### SUPPLIED INFORMATION
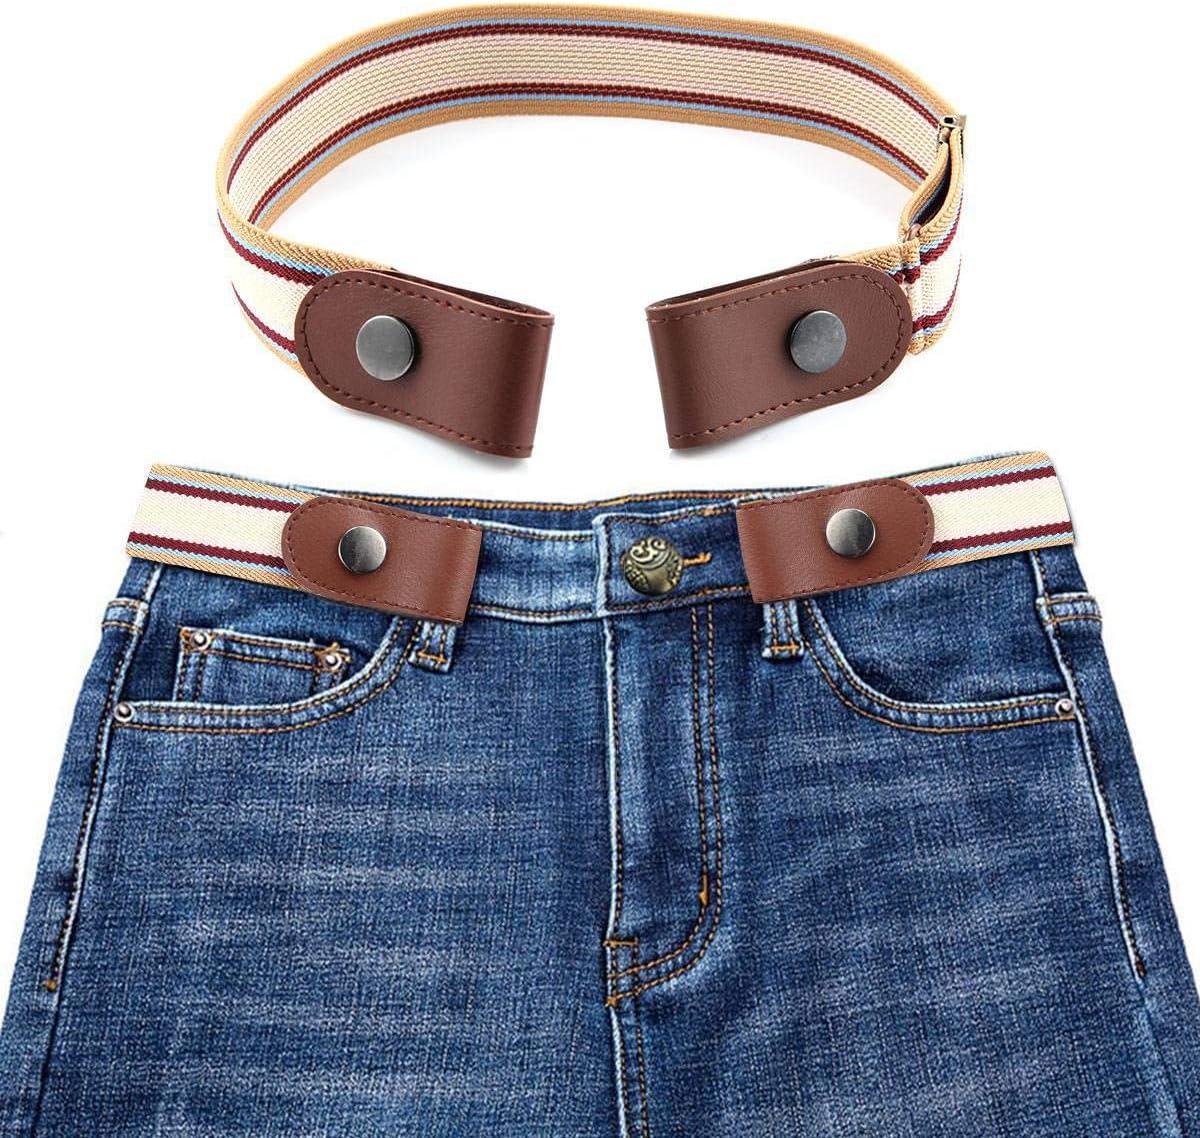 KOBWA cinturón elástico sin Hebilla, para Mujeres, Hombres, niños, Mujeres, sin Hebilla, cinturón elástico para Pantalones Vaqueros, Vestidos, cinturón Invisible, sin bultos, sin complicaciones
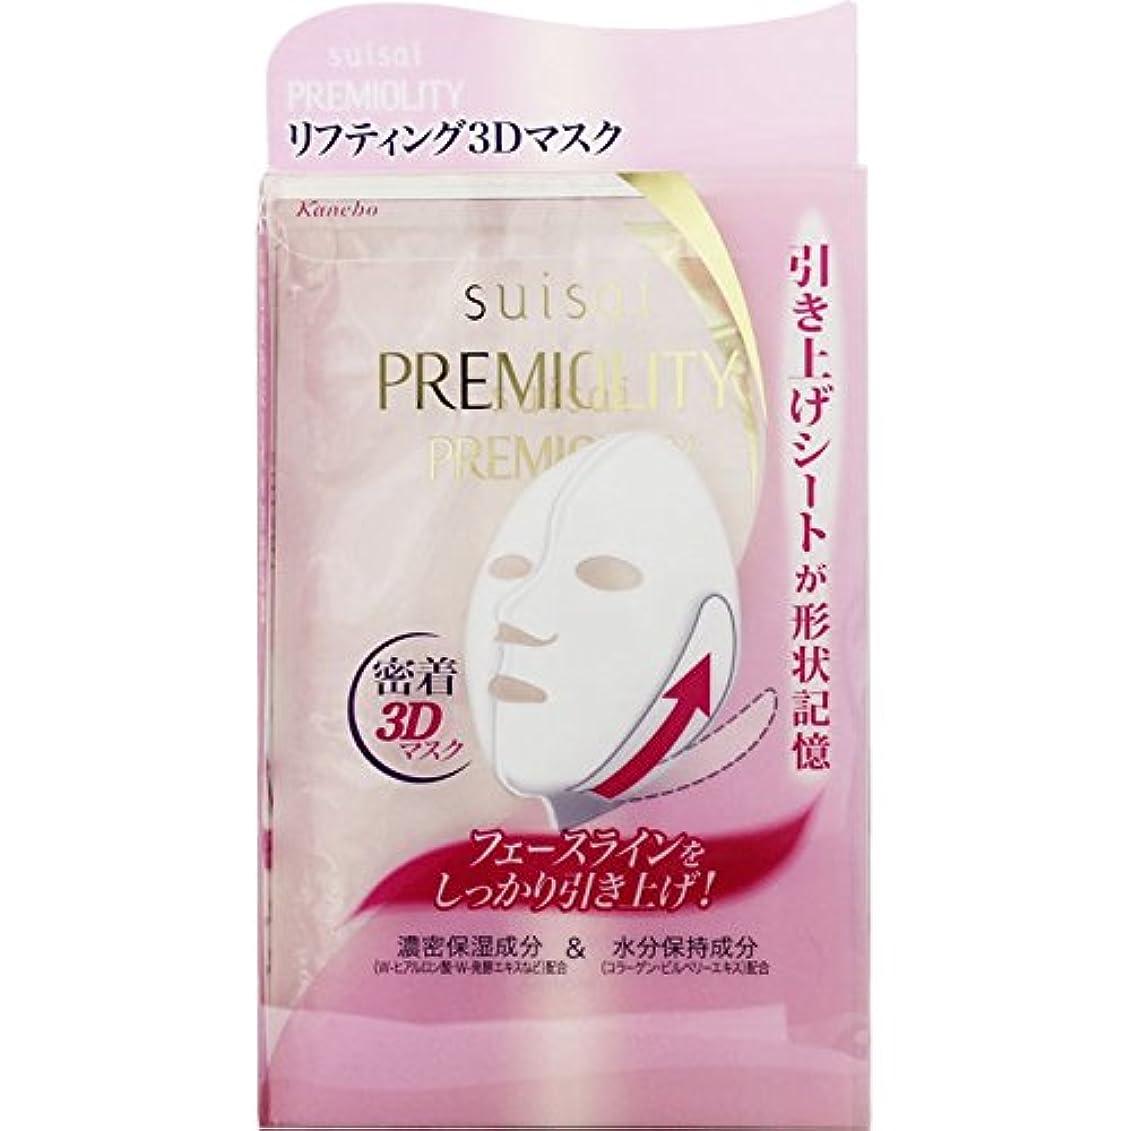 承認巻き取り盲目カネボウ suisai プレミオリティ リフトモイスチャー3Dマスク
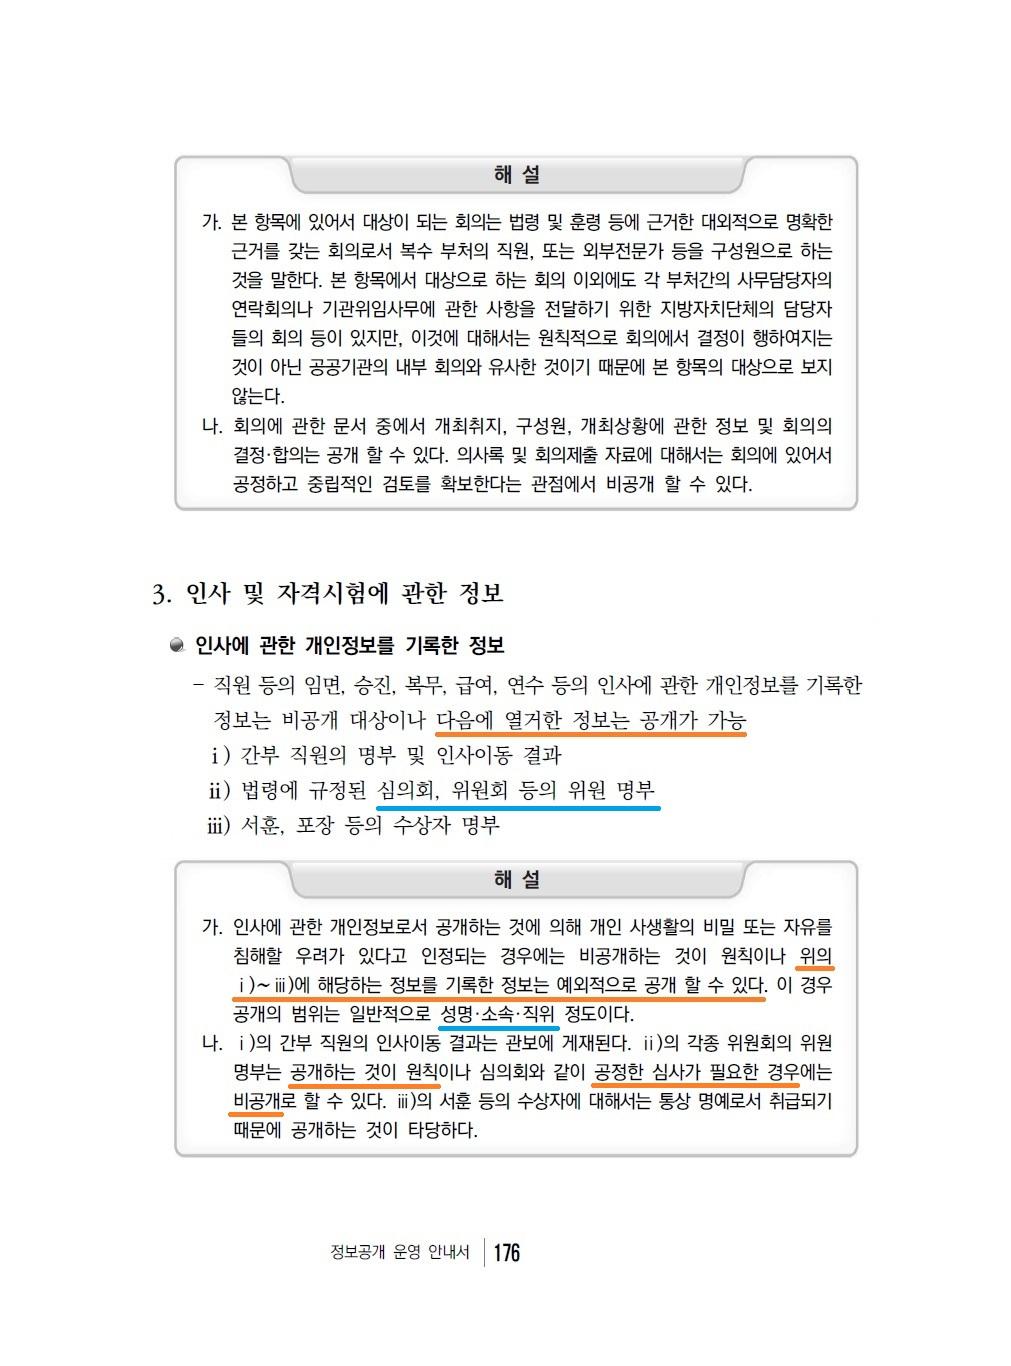 행정안전부 2019 정보공개 운영 국민 안내서_176쪽_인사에 관한 심의회 위원명부 공개 가능.jpg

### TRY IT
From the line containing "承認巻き取り盲目カネボウ suisai プレミオリティ リフトモイスチャー3Dマスク" through the last line of the material above, write out each line exactly, leaving aside all pictures.

### RESPONSE AREA
 承認巻き取り盲目カネボウ suisai プレミオリティ リフトモイスチャー3Dマスク
 행정안전부 2019 정보공개 운영 국민 안내서_176쪽_인사에 관한 심의회 위원명부 공개 가능.jpg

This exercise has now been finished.